Introduction to the 2018 Code
The Introduction stresses the importance of culture and dialogue with a wide range of stakeholders in promoting the success of companies in the long-term, as well as the importance of applying the Principles in the 2018 Code since they emphasise the value of good corporate governance to long-term sustainable success.
The 2018 Code retains the "comply or explain" approach but provides guidance on discussions about how the Principles have been applied – action taken and resulting outcomes should be articulated, and signposting and cross-references to those parts of the annual report that describe how the Principles have been applied will help investors evaluate the company's practices.

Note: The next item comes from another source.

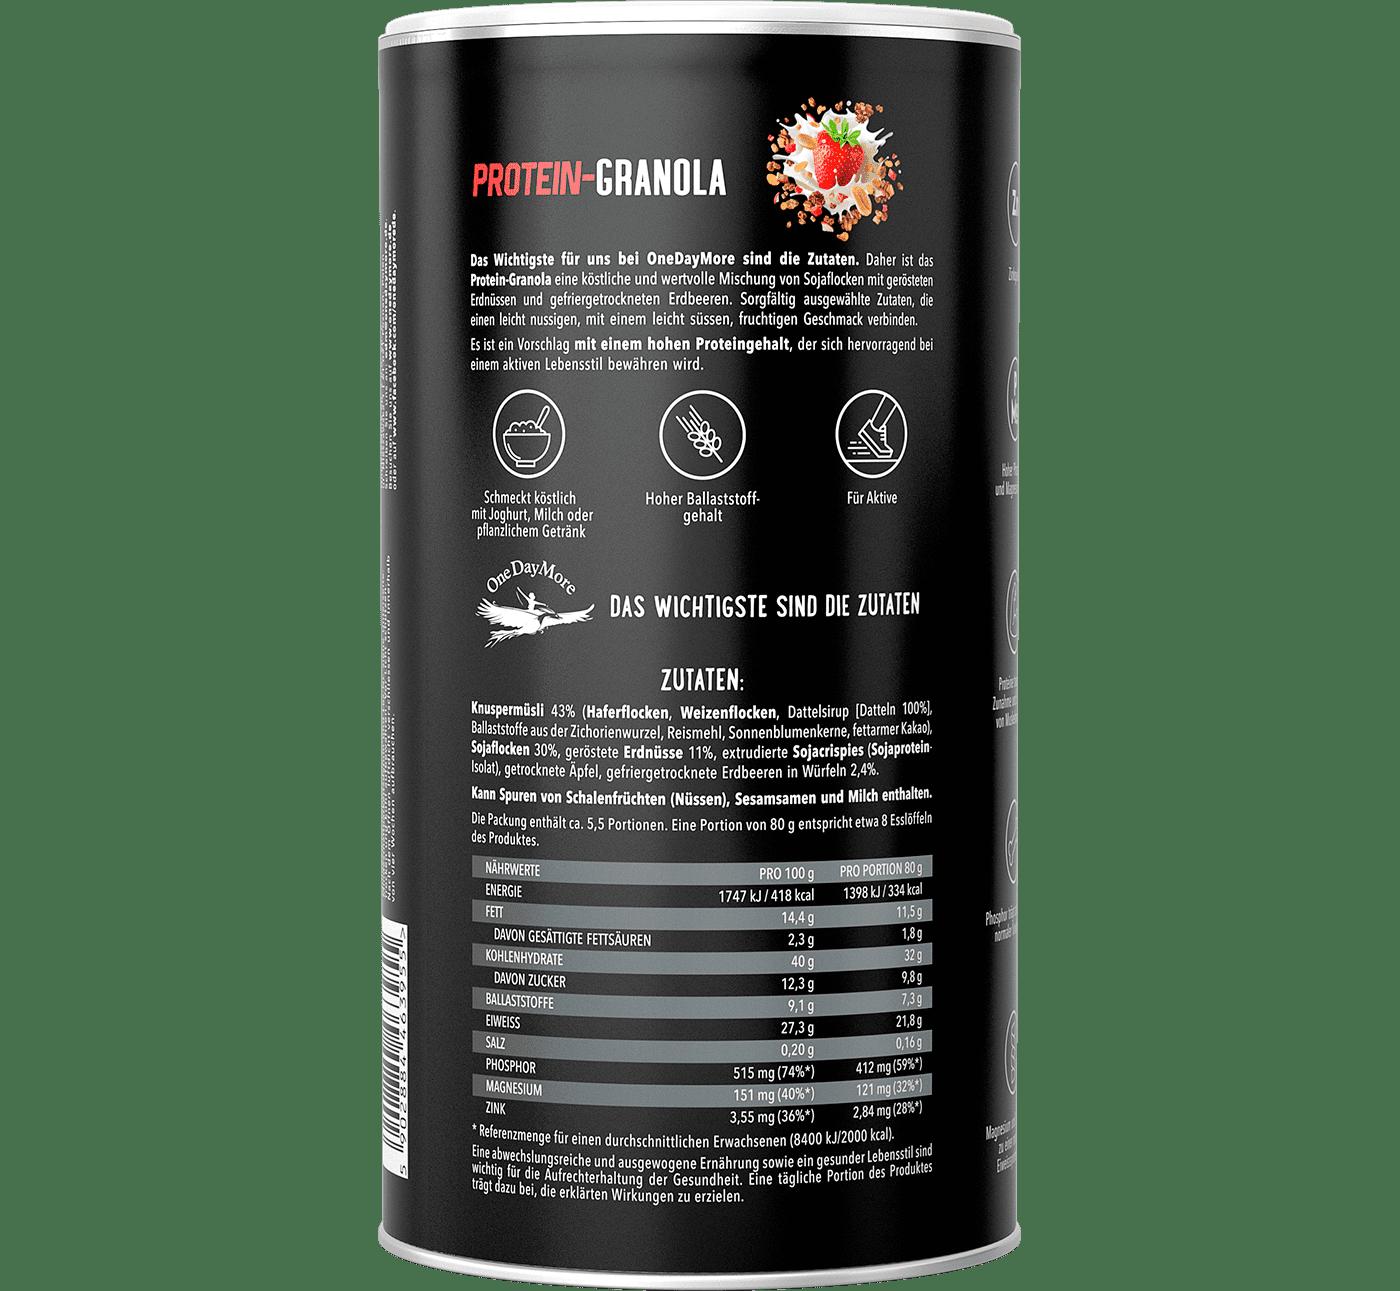 protein-granola-onedaymore-tyl-1400×1291

While the Introduction states that corporate governance reporting should relate coherently to other parts of the annual report, particularly the strategic report which will include information enabling shareholders to assess how the directors have performed their duty under section 172 Companies Act 2006 (CA 2006), it makes it clear that nothing in the 2018 Code overrides or is intended as an interpretation of the statutory statement of directors’ duties in the CA 2006.
The Introduction also includes a new requirement on the boards of parent companies with a premium listing, whether incorporated in the UK or elsewhere. They should ensure that there is adequate co-operation within the group to enable the parent company board to discharge its governance responsibilities under the 2018 Code effectively, and this includes communicating the parent company's purpose, values and strategies.
Section 1 – Leadership and purpose
Section 1 comprises five Principles and eight Provisions and it emphasises the need for boards to determine and promote the culture of their company and to engage with shareholders and their wider stakeholders.
In terms of changes to the consultation draft, the following should be noted
- Principle E now requires boards to ensure that workforce policies and practices are consistent with the company's values and support its long-term sustainable success, and that the workforce can raise any matters of concern that they may have. In the December 2017 consultation on the new draft Code (the 2017 Draft Code), the FRC had suggested that this overarching responsibility should rest with the remuneration committee.
- Provision 2 requires the board to assess and monitor the company's culture and if it has concerns, it should seek assurance that management has taken corrective action. The board's activities and action taken should be explained in the annual report, together with an explanation of the company's approach to investing in and rewarding its workforce. This latter point was, in the 2017 Draft Code, a responsibility of the remuneration committee but has been moved to Provision 2 since the FRC considers it a responsibility of the board as a whole, as part of its monitoring of the company’s culture.
- Provision 4 continues to require a company to explain when 20 per cent or more votes are cast against a resolution recommended by the board, as well as provide an update on shareholders’ views and actions taken no more than six months after the shareholder meeting. Some had argued, in their response to the consultation, that six months was too long, while others thought there could be little to report at that point. However, the FRC states that the purpose of the report is to ensure that companies demonstrate that dialogue is ongoing and note any actions and outcomes, even where these are ongoing.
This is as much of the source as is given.